A database is a collection of information that is organized in such a way that a computer program can choose a desired piece of information required. In a database, the information can be easily updated, managed or accessed. Often abbreviated as DB, we can think of a database as an electronic filing system. We can also think of database as the collection of schema, queries, views, tables, reports, and other objects. 

Traditional databases are organized by files, records, and fields. A field is a single piece of information, a record is set of fields and a file is a collection of records. For example, a telephone book is comparable to a file.

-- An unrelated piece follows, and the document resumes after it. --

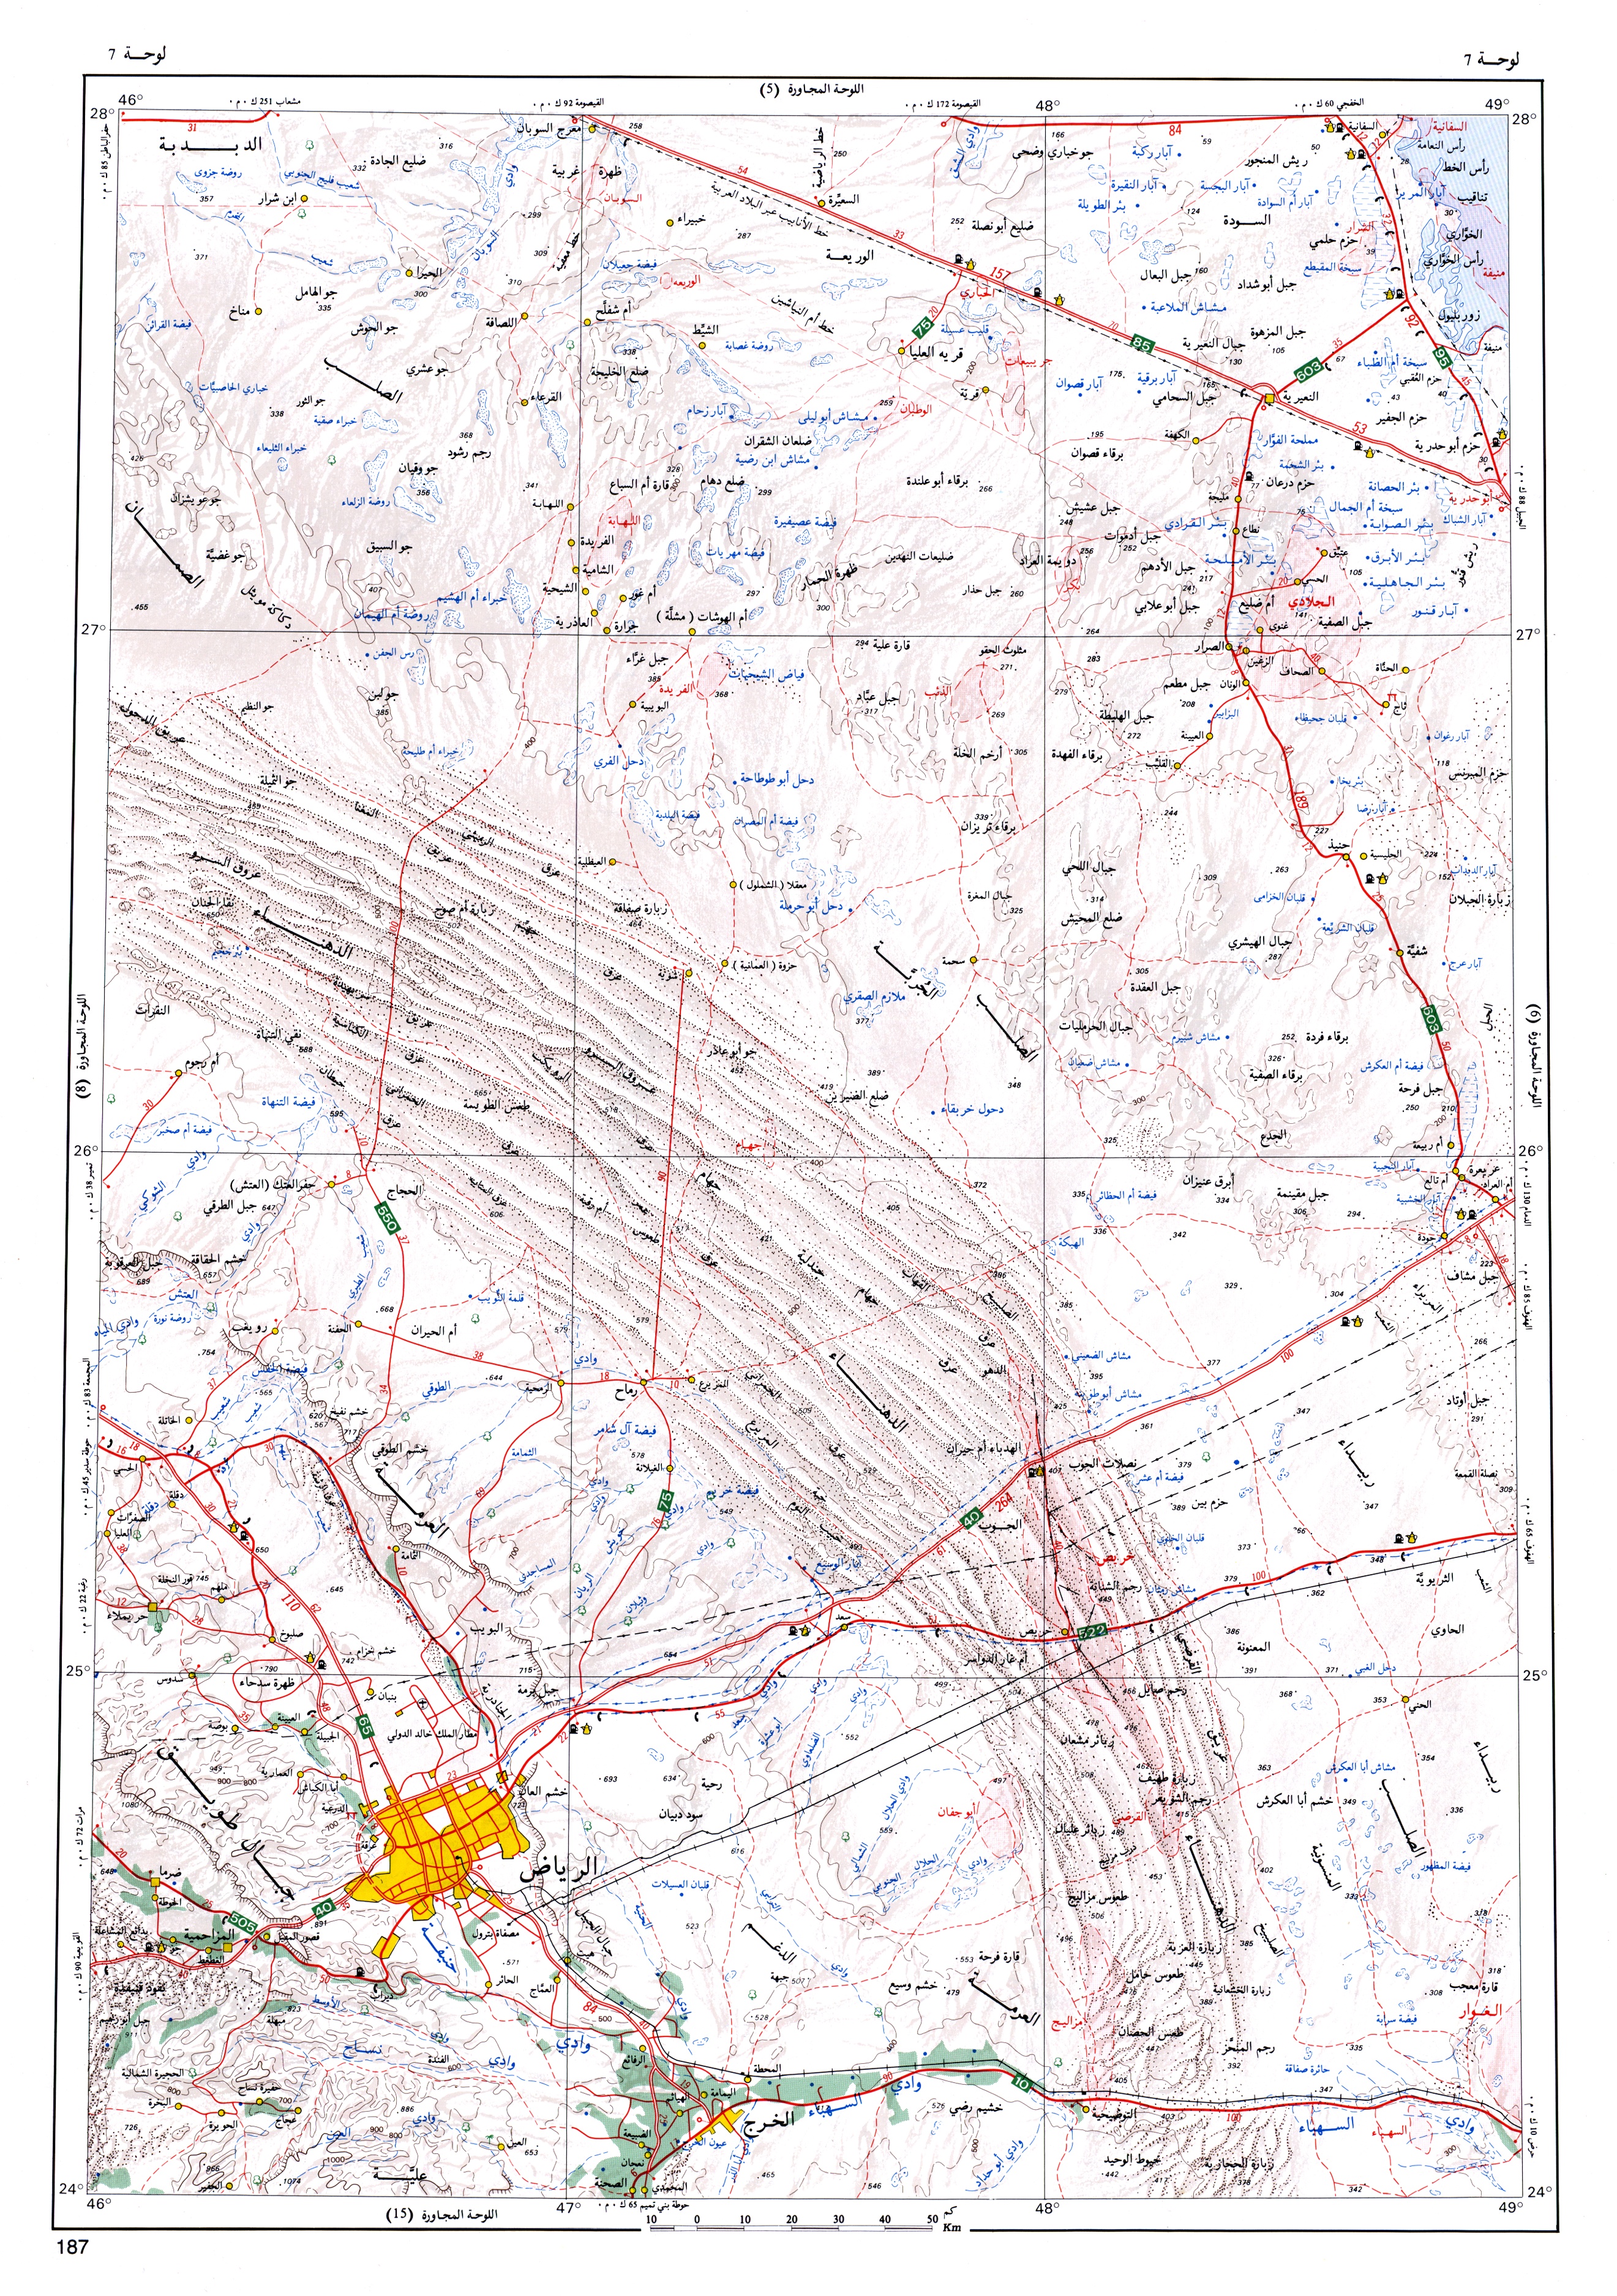 خرائط حديثة وتفصيلية تغطي جميع مناطق المملكة العربية السعوديه Fig-07
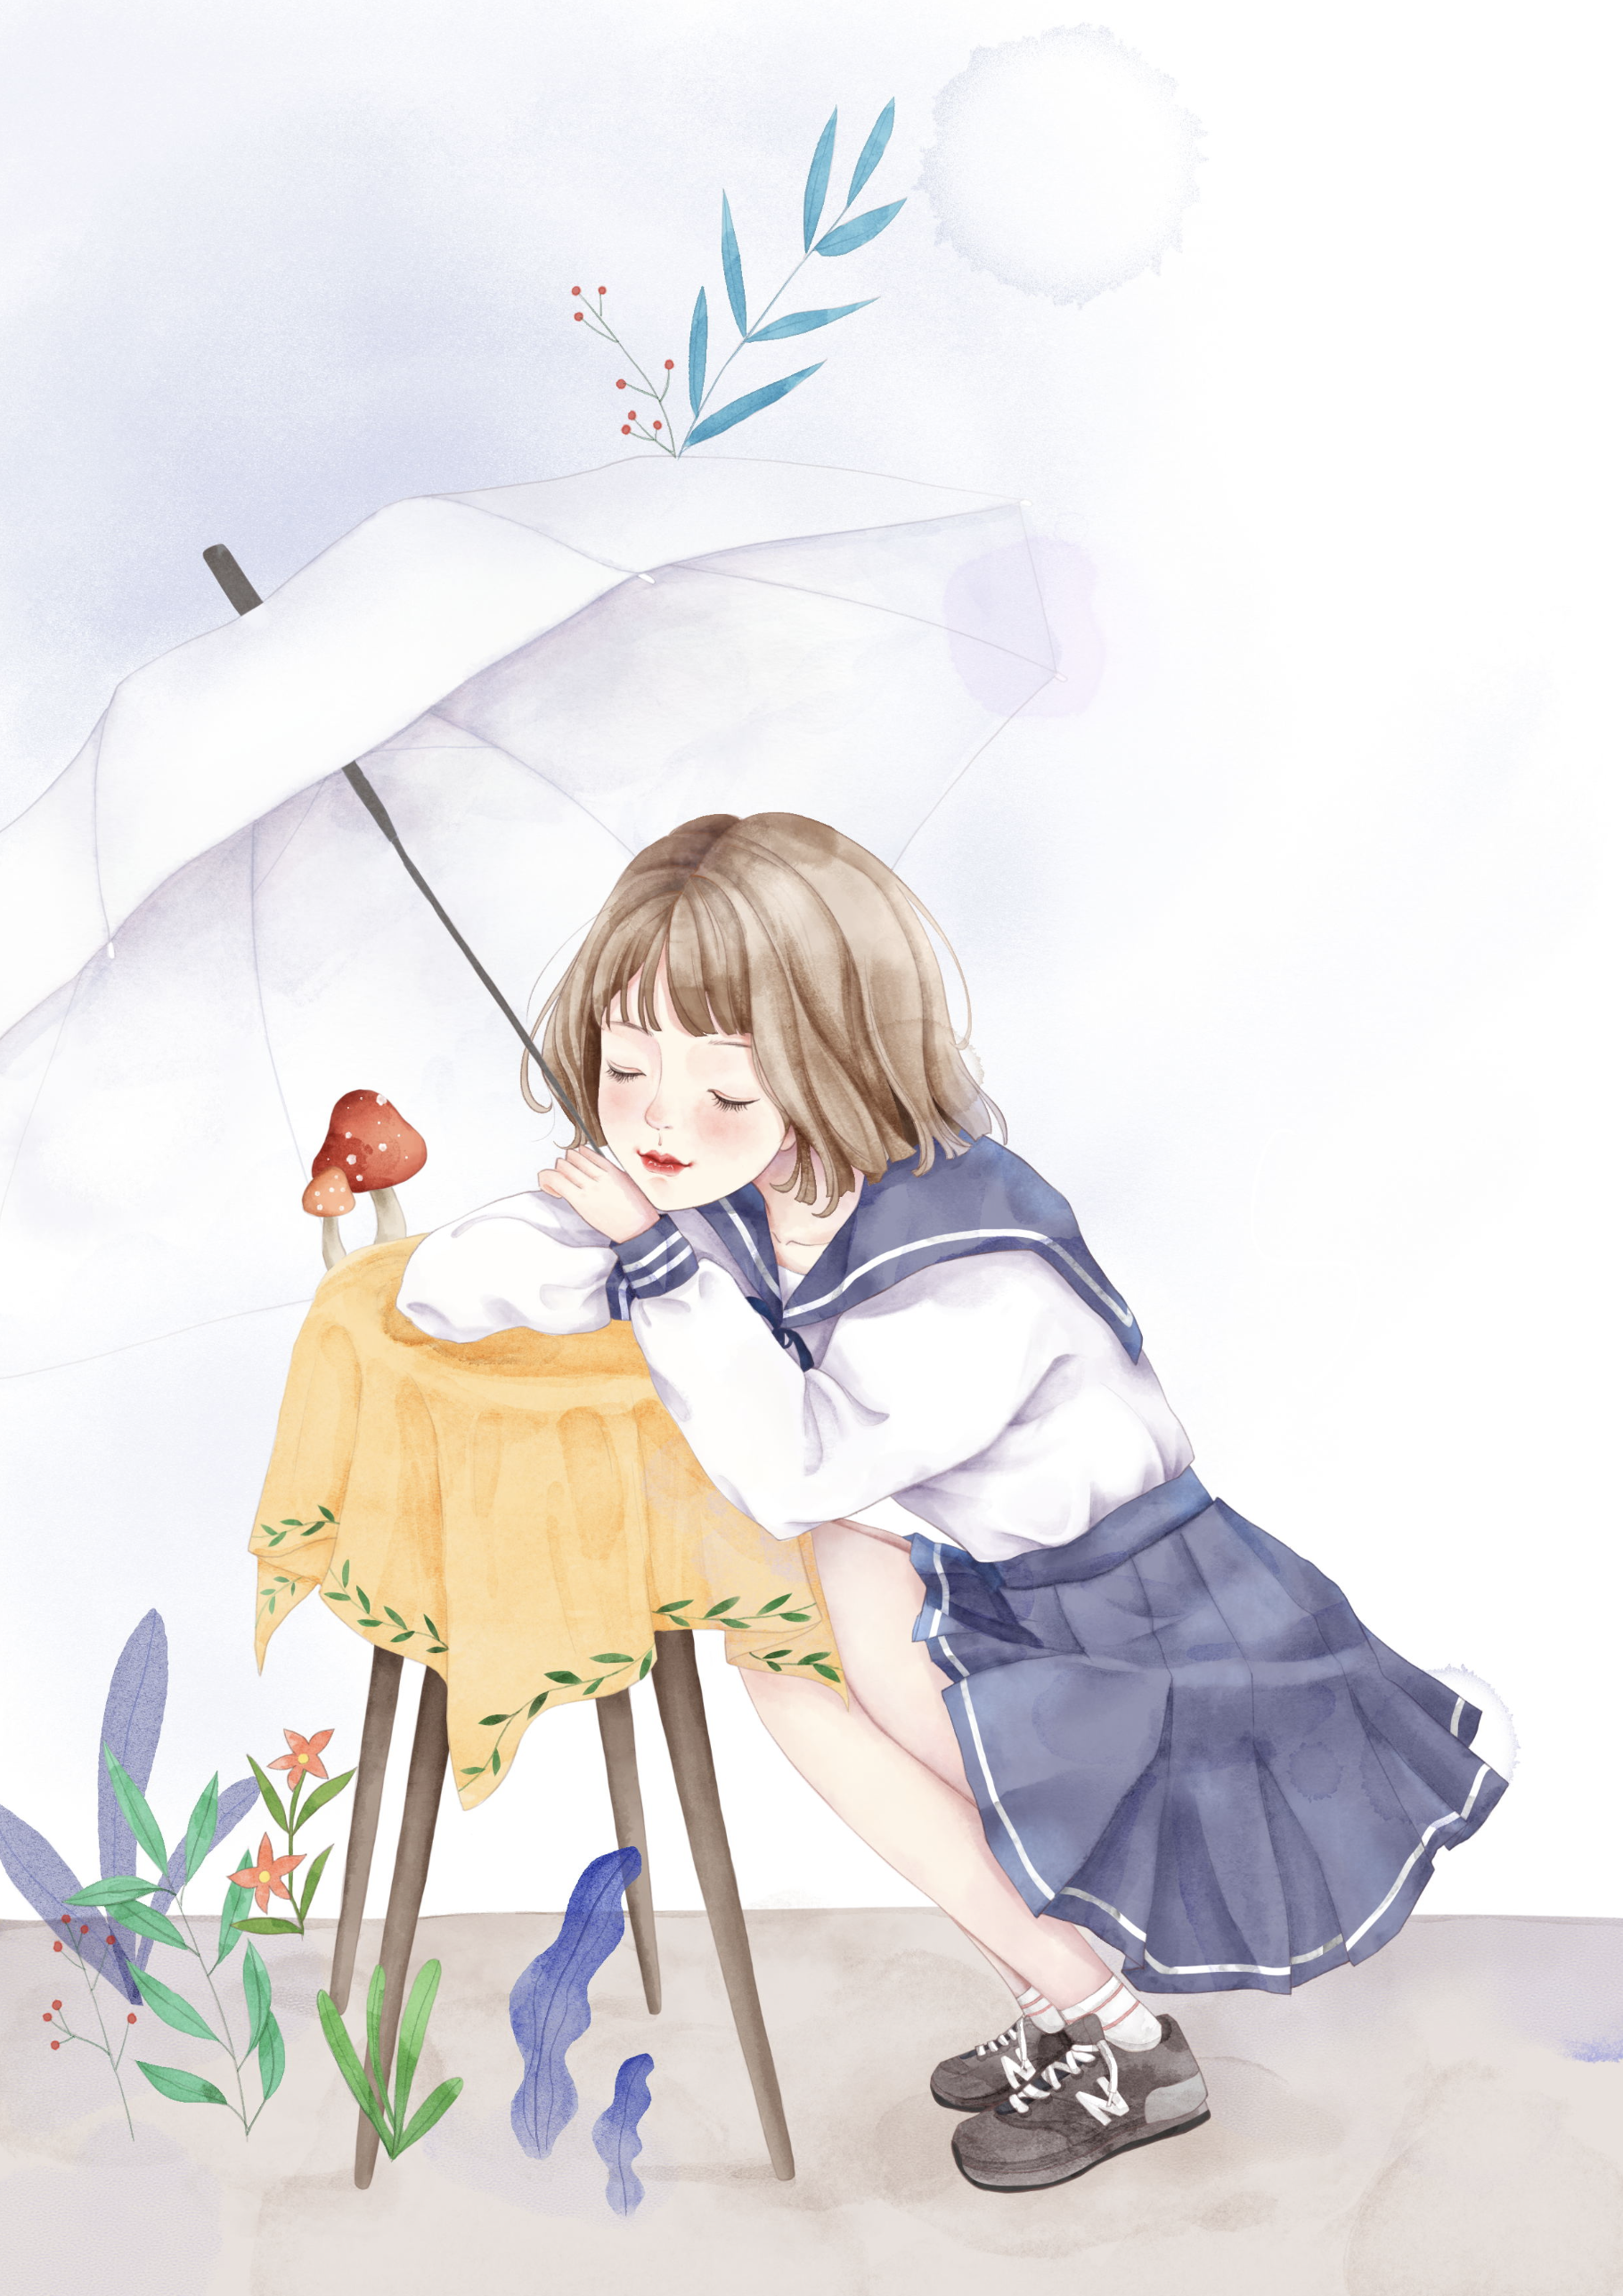 原创作品:撑雨伞的姑娘

It contains a list of records, each of which consists of different fields such as name, address, telephone number etc. 

Relational databases are tabular databases in which data can be accessed or reorganized in a number of different ways. In this model, data is organized into tables of rows and columns, with a unique key identifying each row. The rows represent instances of the entity and the columns represent values attributed to that instance. 

A distributed database is one that can be dispersed or replicated among different points in a network or it may be stored in multiple computers, located in the same physical location. The collection of data can be distributed across multiple physical locations by system administrators. Because they store data across multiple computers, distributed databases may improve performance at end-user work-sites. 

An object-oriented database is one that is congruent with the data defined in object classes and sub-classes. Object-oriented database management systems(OODBMS) allow object-oriented programmers to develop, modify or replicate the objects to make new objects within OODBMS. Some object-oriented databases are designed to work well with object-oriented programming languages such as Delphi, Ruby, Python, Perl, Java, C#, Visual Basic .NET, C++. 

To access information from a database, you need a database management system commonly abbreviated as DBMS. DBMS is computer software application that interacts with the user, other applications and the database itself to analyze data. This is a collection of programs that enables you to enter, organize, and select data in a database. There are many different types of DBMS, ranging from small systems that run on personal computers to huge systems that run on mainframes. Well-known DBMSs include MySQL, MongoDB, Microsoft SQL Server, Oracle, IBM DB2. 

Computer databases typically contain aggregations of data records or files. Database administrator manages those records and provides users the capabilities of controlling read/write access, specifying report generation, and analyzing the database usage. The role of database administrator in maintaining the database include capacity planning, installation, configuration, database designing, migration, performance monitoring, security, troubleshooting, as well as backup and data recovery. Some other responsibilities of database administrator are ensuring compliance with database vendor license agreement, modifying the database structure as necessary from information given by developers, maintaining archived data, generating various reports by querying from the database as per need and contacting database vendor for technical support.